_Records shown_:

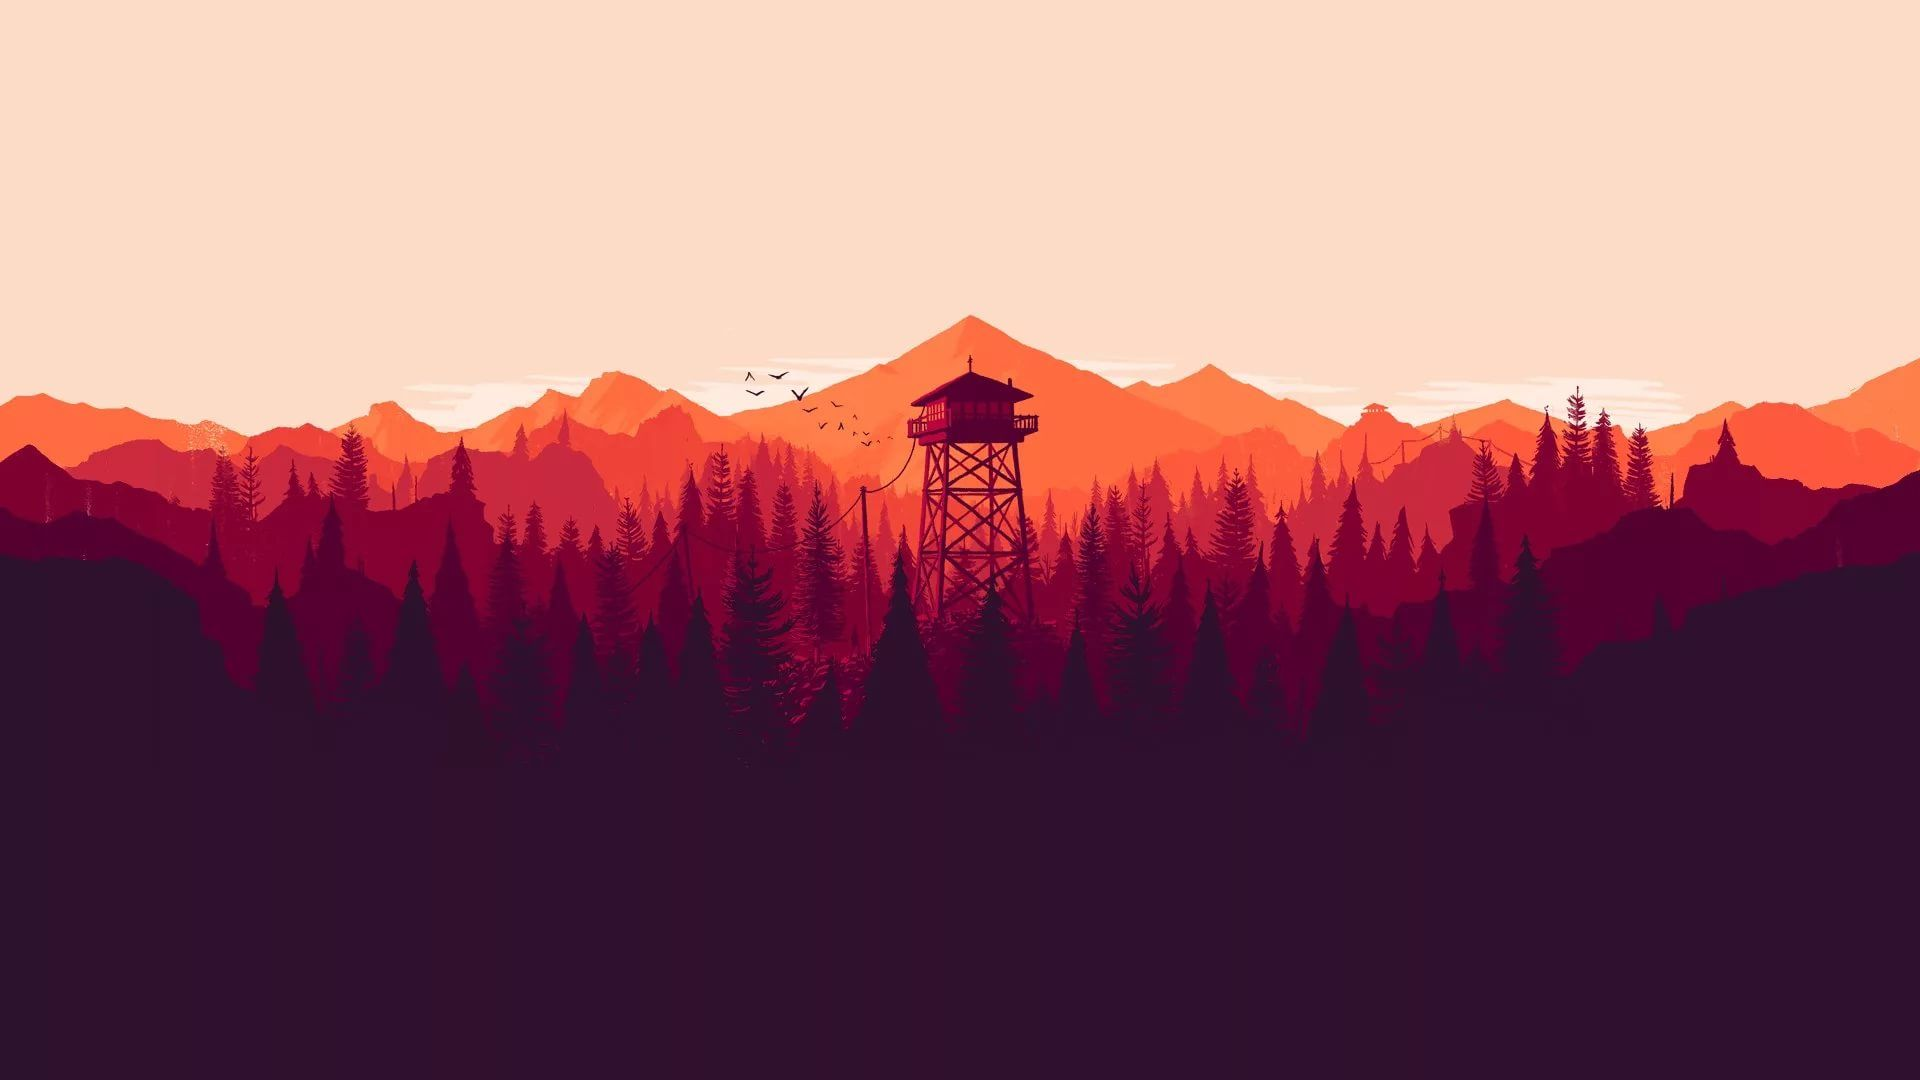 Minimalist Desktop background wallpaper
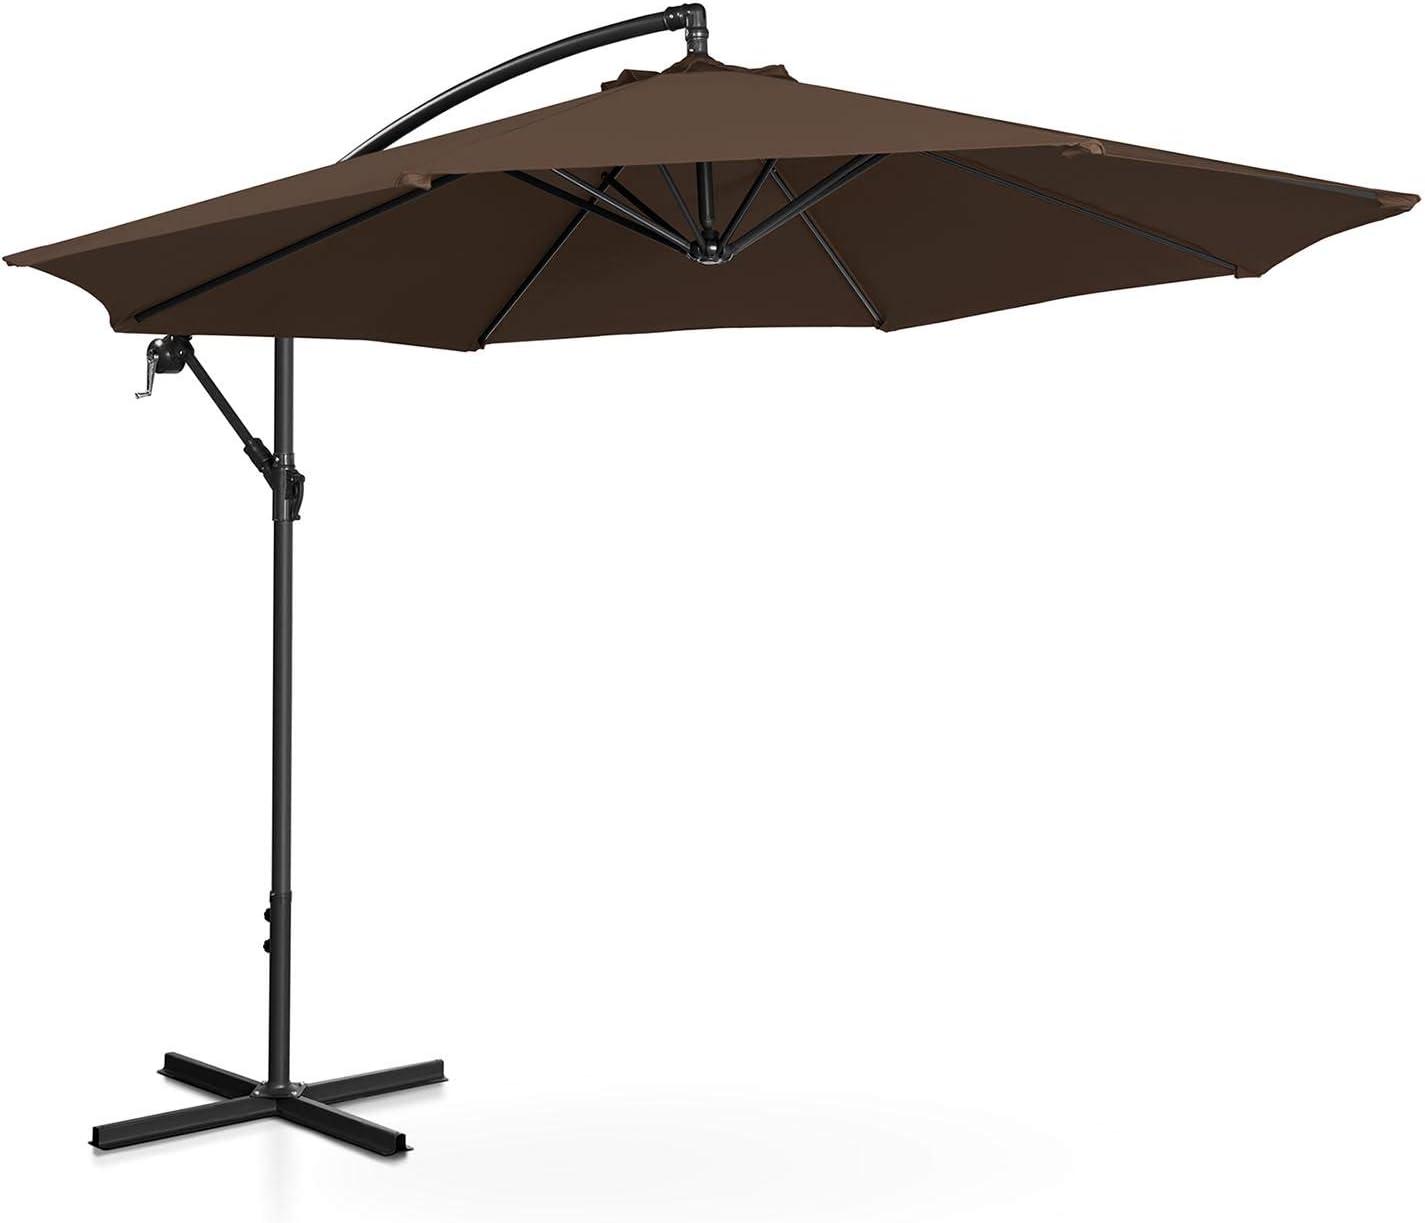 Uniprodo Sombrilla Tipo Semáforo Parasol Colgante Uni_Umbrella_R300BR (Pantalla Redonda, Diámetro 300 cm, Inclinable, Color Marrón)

==

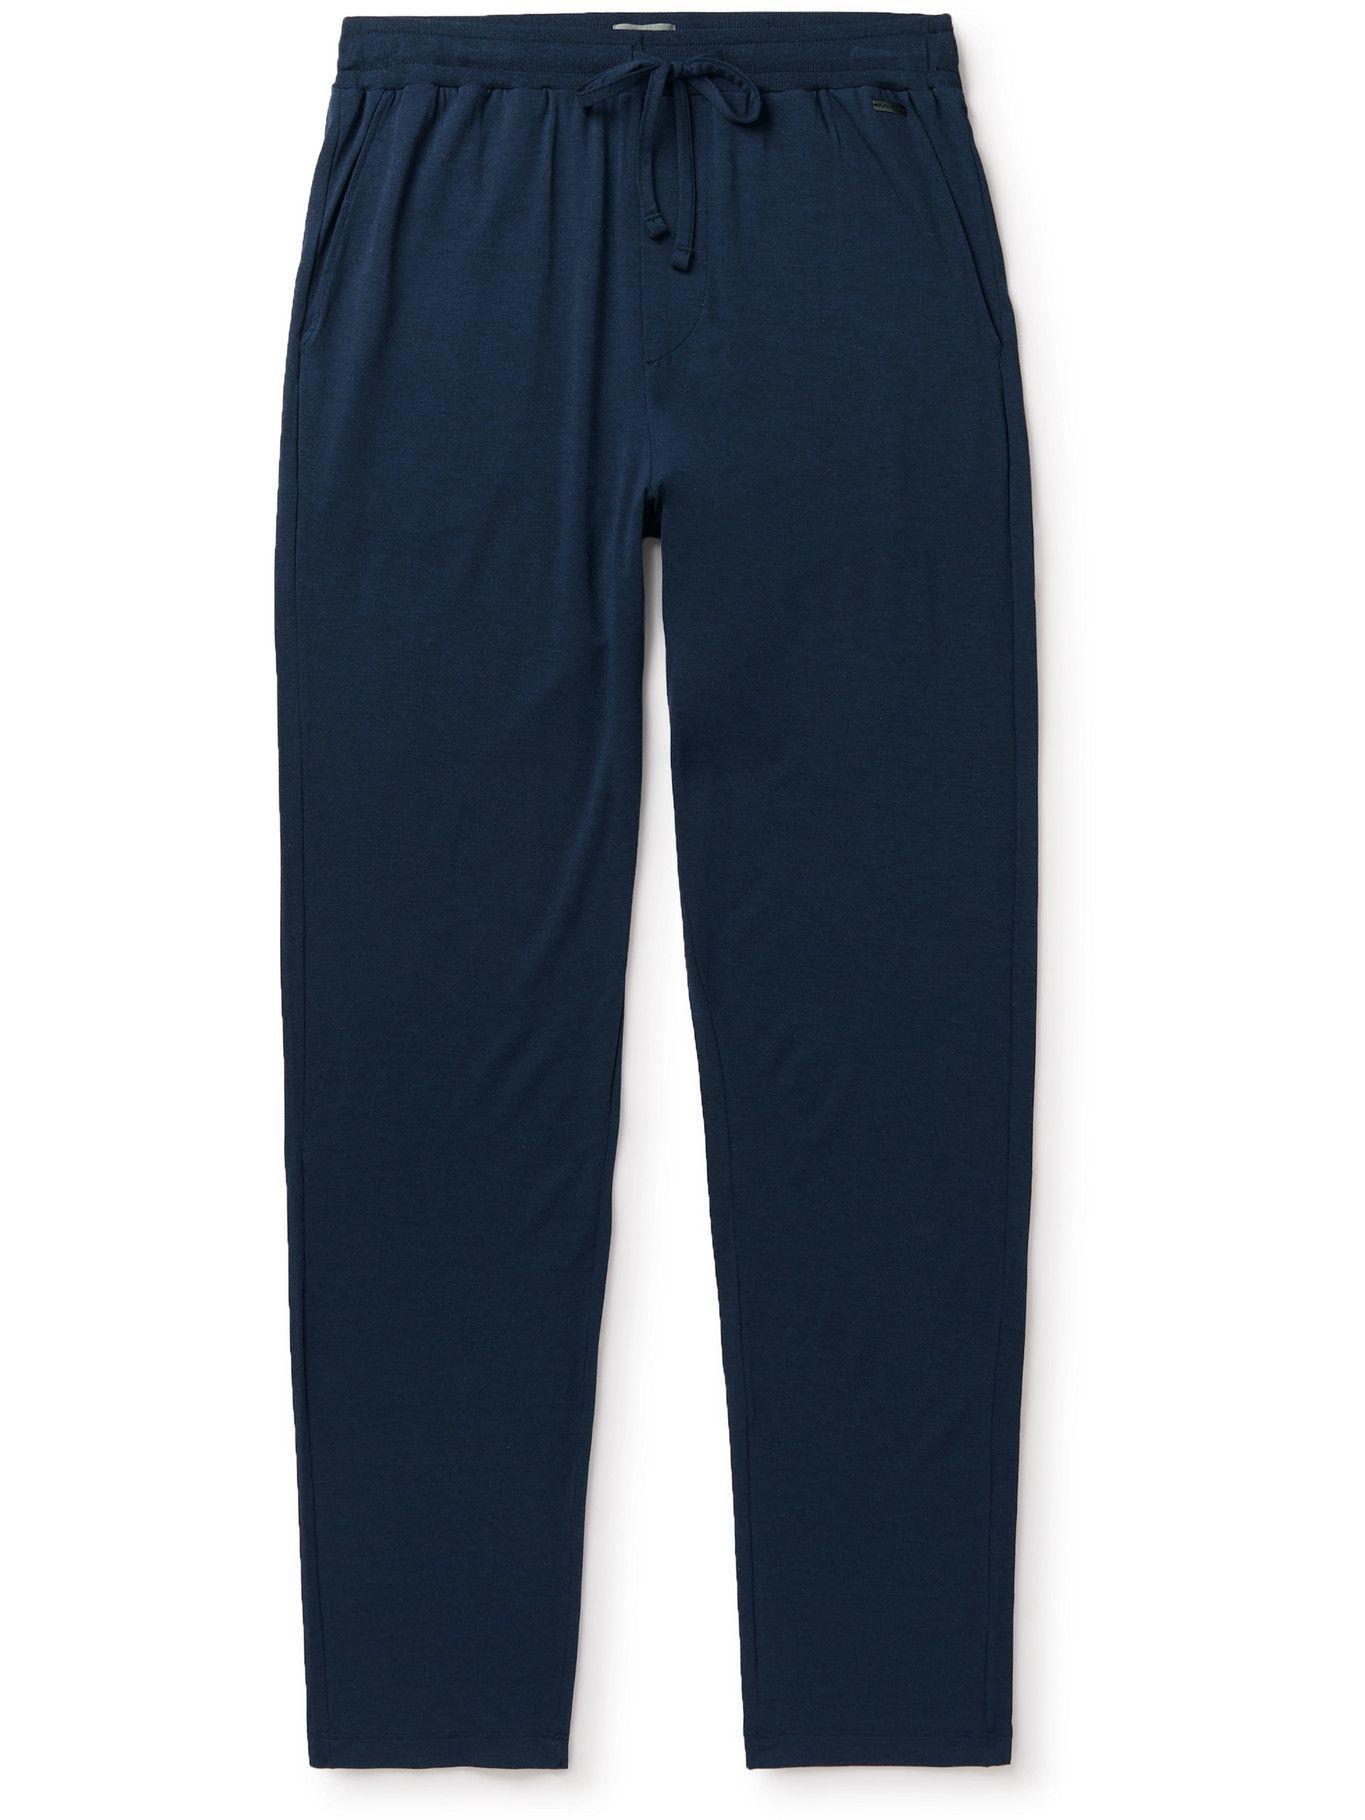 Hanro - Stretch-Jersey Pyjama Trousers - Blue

--

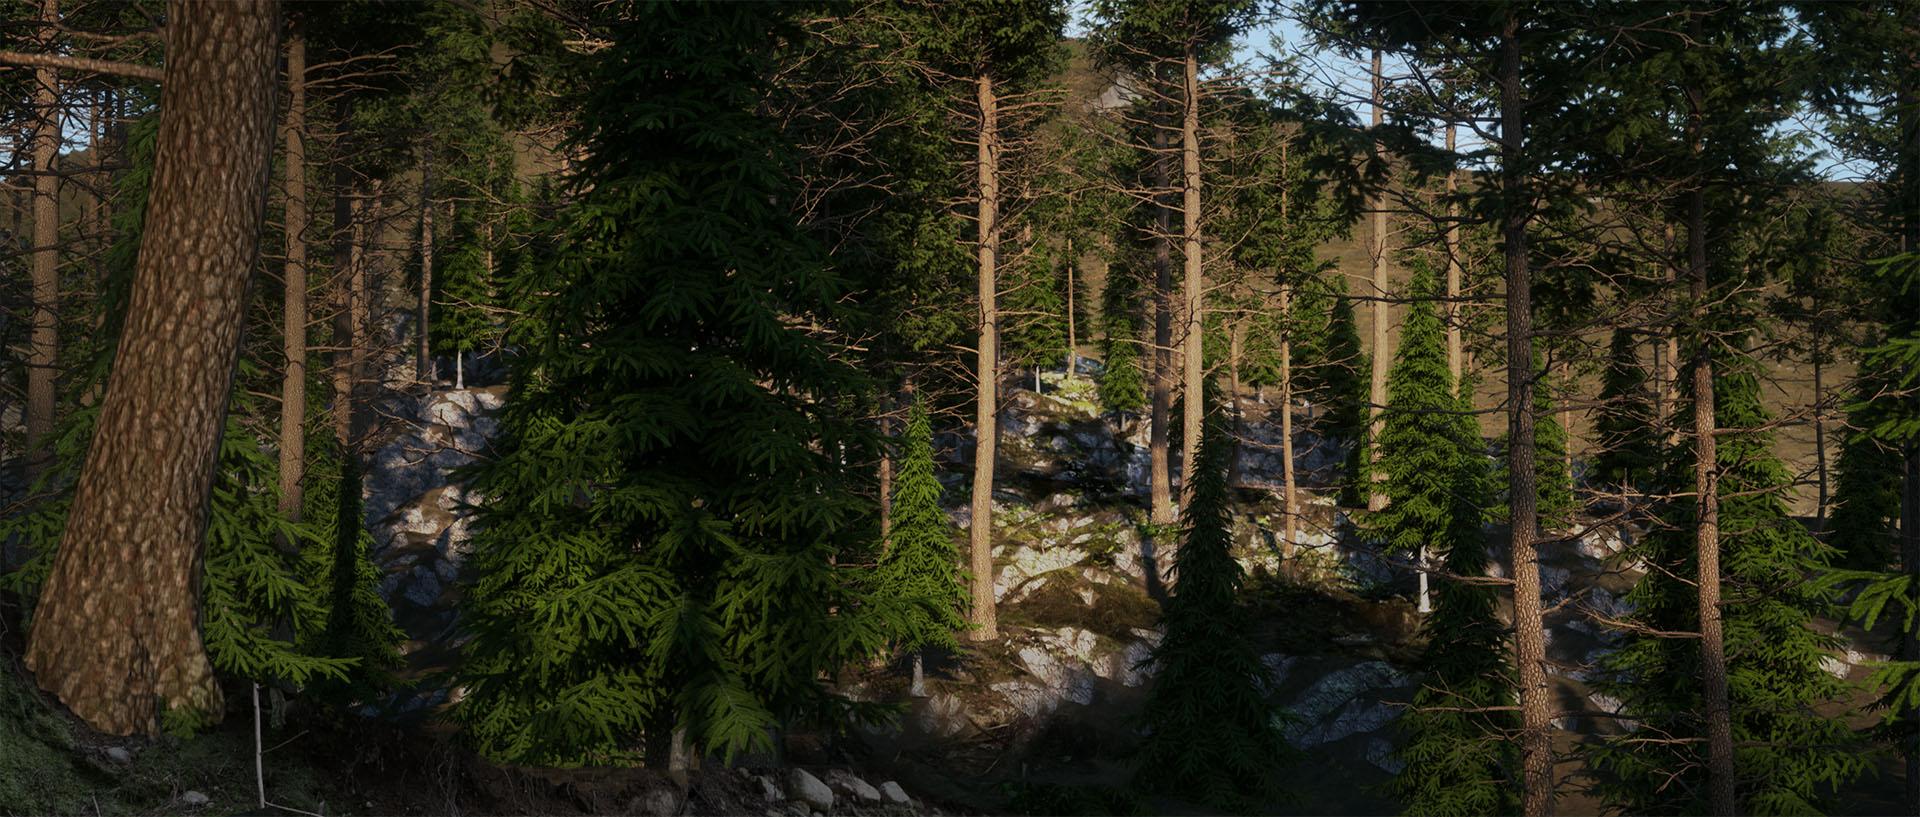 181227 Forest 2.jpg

_Required action_:
Both boundary lines included, write out word for word only the lines above from the one containing "Minimalist Desktop background wallpaper" to the one containing "Uniprodo Sombrilla Tipo", leaving out any pictures.

_Task solution_:
 Minimalist Desktop background wallpaper
 Uniprodo Sombrilla Tipo Semáforo Parasol Colgante Uni_Umbrella_R300BR (Pantalla Redonda, Diámetro 300 cm, Inclinable, Color Marrón)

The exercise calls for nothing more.